Cesar et al. (2003) described the predation of L. fortunei by the blue crab, Callinectes sapidus in Rio de la Plata Estuary.
Means of Movement and Dispersal
Top of pageNatural Dispersal (Non-Biotic)
The natural dispersal of L. fortunei is passive, and occurs as veliger larvae that are passively transported from colonized areas through connected streams. The natural dispersal is downstream and dependent on water currents.
Vector Transmission (Biotic)
There is little information about biotic vector transmission. The specimens could be eaten and carried in the gut of fishes (Belz, 2006) birds, etc.
Accidental Introduction
L. fortunei has been accidentally introduced in South America.

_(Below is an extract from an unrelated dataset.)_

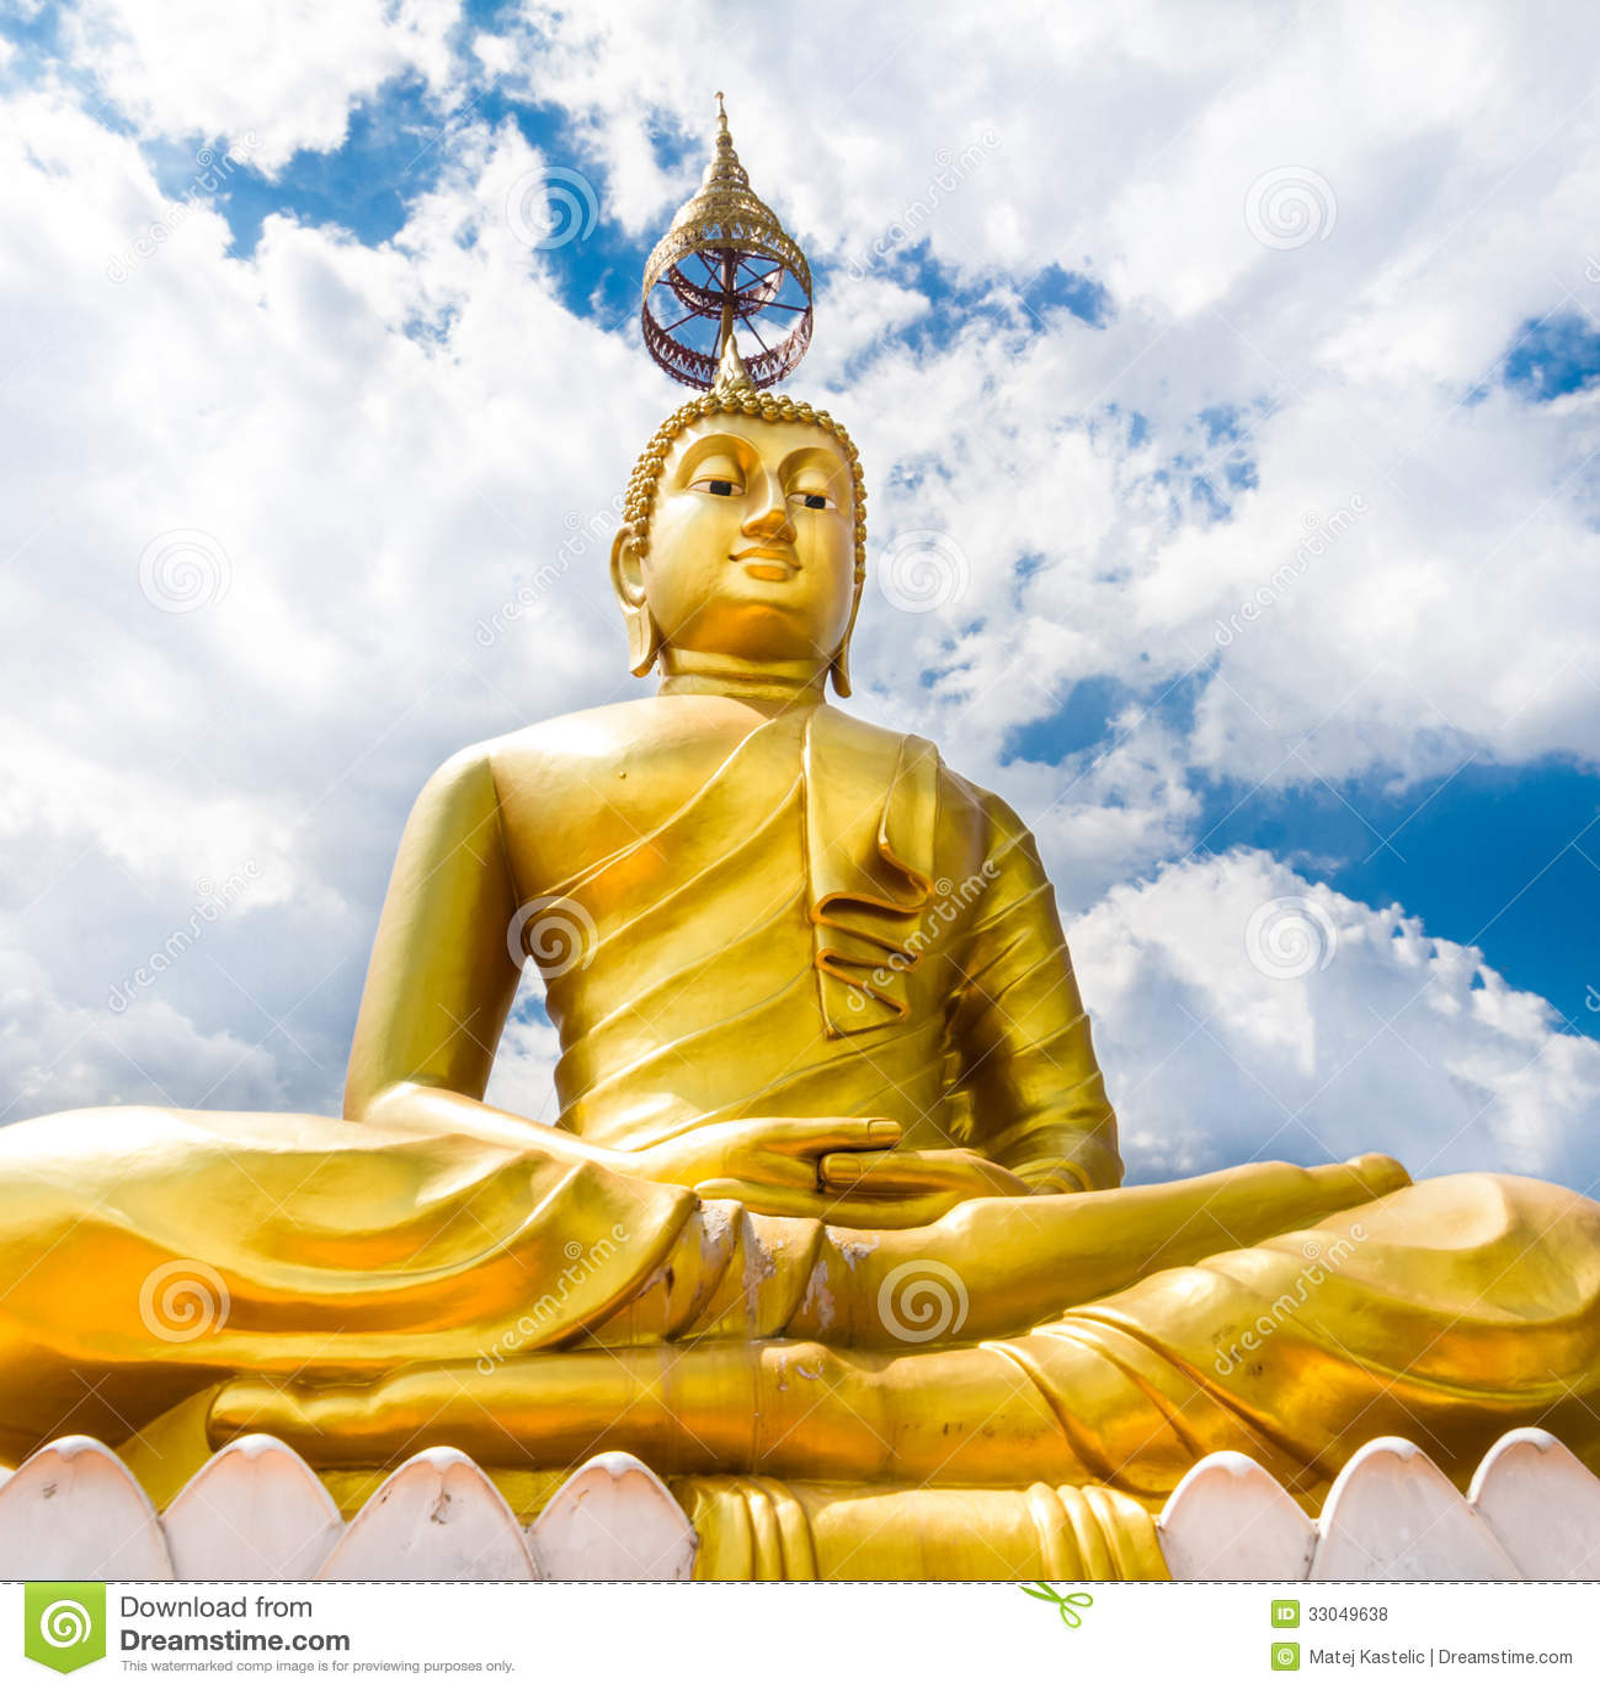 Royalty Free Stock Photos: Buddha statue - Krabi Tiger Cave - Wat Tham ...

Darrigran and Pastorino (1995) proposed the non-intentional introduction of L. fortunei into the Río de la Plata in 1991, through ballast water of ocean vessels. At that time an increase of trade between Argentina and two countries that L. fortunei inhabits occurred. In Guaíba Basin, it was also probably introduced via ballast water (Mansur et al., 1999) and in the Itaipu reservoir (Zanella and Marenda, 2002) probably via boats used for sport.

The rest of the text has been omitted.